_Records:_
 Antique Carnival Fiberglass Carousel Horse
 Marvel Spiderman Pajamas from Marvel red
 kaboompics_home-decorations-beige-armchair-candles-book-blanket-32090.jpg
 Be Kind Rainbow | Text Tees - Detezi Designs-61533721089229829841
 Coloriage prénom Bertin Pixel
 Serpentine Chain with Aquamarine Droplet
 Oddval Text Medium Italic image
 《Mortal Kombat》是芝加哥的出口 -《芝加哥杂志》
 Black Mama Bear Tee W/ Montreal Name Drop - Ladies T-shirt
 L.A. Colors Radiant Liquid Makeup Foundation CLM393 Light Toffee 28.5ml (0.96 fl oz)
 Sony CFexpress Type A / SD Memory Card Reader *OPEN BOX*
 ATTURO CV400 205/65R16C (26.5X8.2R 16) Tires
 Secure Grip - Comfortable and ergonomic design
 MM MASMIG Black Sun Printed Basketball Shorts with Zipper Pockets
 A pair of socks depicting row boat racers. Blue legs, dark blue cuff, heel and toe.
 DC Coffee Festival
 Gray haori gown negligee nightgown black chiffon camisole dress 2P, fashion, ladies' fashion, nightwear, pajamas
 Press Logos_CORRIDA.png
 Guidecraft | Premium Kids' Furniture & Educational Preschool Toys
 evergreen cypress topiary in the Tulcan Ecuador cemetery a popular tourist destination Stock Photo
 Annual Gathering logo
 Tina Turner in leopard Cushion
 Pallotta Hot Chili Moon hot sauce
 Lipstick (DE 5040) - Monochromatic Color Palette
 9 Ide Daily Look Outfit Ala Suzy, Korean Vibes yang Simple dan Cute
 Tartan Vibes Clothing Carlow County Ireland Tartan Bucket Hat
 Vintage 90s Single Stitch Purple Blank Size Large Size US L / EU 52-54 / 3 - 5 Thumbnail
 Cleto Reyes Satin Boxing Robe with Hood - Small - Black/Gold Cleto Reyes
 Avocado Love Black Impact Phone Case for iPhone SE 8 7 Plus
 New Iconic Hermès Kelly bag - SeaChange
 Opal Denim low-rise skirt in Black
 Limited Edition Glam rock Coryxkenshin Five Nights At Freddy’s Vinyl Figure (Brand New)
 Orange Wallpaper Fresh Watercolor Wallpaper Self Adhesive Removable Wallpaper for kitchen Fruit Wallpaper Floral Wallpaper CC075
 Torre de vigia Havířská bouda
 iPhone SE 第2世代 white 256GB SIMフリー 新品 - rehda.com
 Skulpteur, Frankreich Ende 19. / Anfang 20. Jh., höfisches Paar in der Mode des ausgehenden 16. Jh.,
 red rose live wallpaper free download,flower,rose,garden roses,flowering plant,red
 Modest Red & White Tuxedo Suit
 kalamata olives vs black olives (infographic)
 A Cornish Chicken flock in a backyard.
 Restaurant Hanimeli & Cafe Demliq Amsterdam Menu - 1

_Description of the task:_ From beginning to end, the data must be duplicated exactly.

_Result of this exercise:_
 Antique Carnival Fiberglass Carousel Horse
 Marvel Spiderman Pajamas from Marvel red
 kaboompics_home-decorations-beige-armchair-candles-book-blanket-32090.jpg
 Be Kind Rainbow | Text Tees - Detezi Designs-61533721089229829841
 Coloriage prénom Bertin Pixel
 Serpentine Chain with Aquamarine Droplet
 Oddval Text Medium Italic image
 《Mortal Kombat》是芝加哥的出口 -《芝加哥杂志》
 Black Mama Bear Tee W/ Montreal Name Drop - Ladies T-shirt
 L.A. Colors Radiant Liquid Makeup Foundation CLM393 Light Toffee 28.5ml (0.96 fl oz)
 Sony CFexpress Type A / SD Memory Card Reader *OPEN BOX*
 ATTURO CV400 205/65R16C (26.5X8.2R 16) Tires
 Secure Grip - Comfortable and ergonomic design
 MM MASMIG Black Sun Printed Basketball Shorts with Zipper Pockets
 A pair of socks depicting row boat racers. Blue legs, dark blue cuff, heel and toe.
 DC Coffee Festival
 Gray haori gown negligee nightgown black chiffon camisole dress 2P, fashion, ladies' fashion, nightwear, pajamas
 Press Logos_CORRIDA.png
 Guidecraft | Premium Kids' Furniture & Educational Preschool Toys
 evergreen cypress topiary in the Tulcan Ecuador cemetery a popular tourist destination Stock Photo
 Annual Gathering logo
 Tina Turner in leopard Cushion
 Pallotta Hot Chili Moon hot sauce
 Lipstick (DE 5040) - Monochromatic Color Palette
 9 Ide Daily Look Outfit Ala Suzy, Korean Vibes yang Simple dan Cute
 Tartan Vibes Clothing Carlow County Ireland Tartan Bucket Hat
 Vintage 90s Single Stitch Purple Blank Size Large Size US L / EU 52-54 / 3 - 5 Thumbnail
 Cleto Reyes Satin Boxing Robe with Hood - Small - Black/Gold Cleto Reyes
 Avocado Love Black Impact Phone Case for iPhone SE 8 7 Plus
 New Iconic Hermès Kelly bag - SeaChange
 Opal Denim low-rise skirt in Black
 Limited Edition Glam rock Coryxkenshin Five Nights At Freddy’s Vinyl Figure (Brand New)
 Orange Wallpaper Fresh Watercolor Wallpaper Self Adhesive Removable Wallpaper for kitchen Fruit Wallpaper Floral Wallpaper CC075
 Torre de vigia Havířská bouda
 iPhone SE 第2世代 white 256GB SIMフリー 新品 - rehda.com
 Skulpteur, Frankreich Ende 19. / Anfang 20. Jh., höfisches Paar in der Mode des ausgehenden 16. Jh.,
 red rose live wallpaper free download,flower,rose,garden roses,flowering plant,red
 Modest Red & White Tuxedo Suit
 kalamata olives vs black olives (infographic)
 A Cornish Chicken flock in a backyard.
 Restaurant Hanimeli & Cafe Demliq Amsterdam Menu - 1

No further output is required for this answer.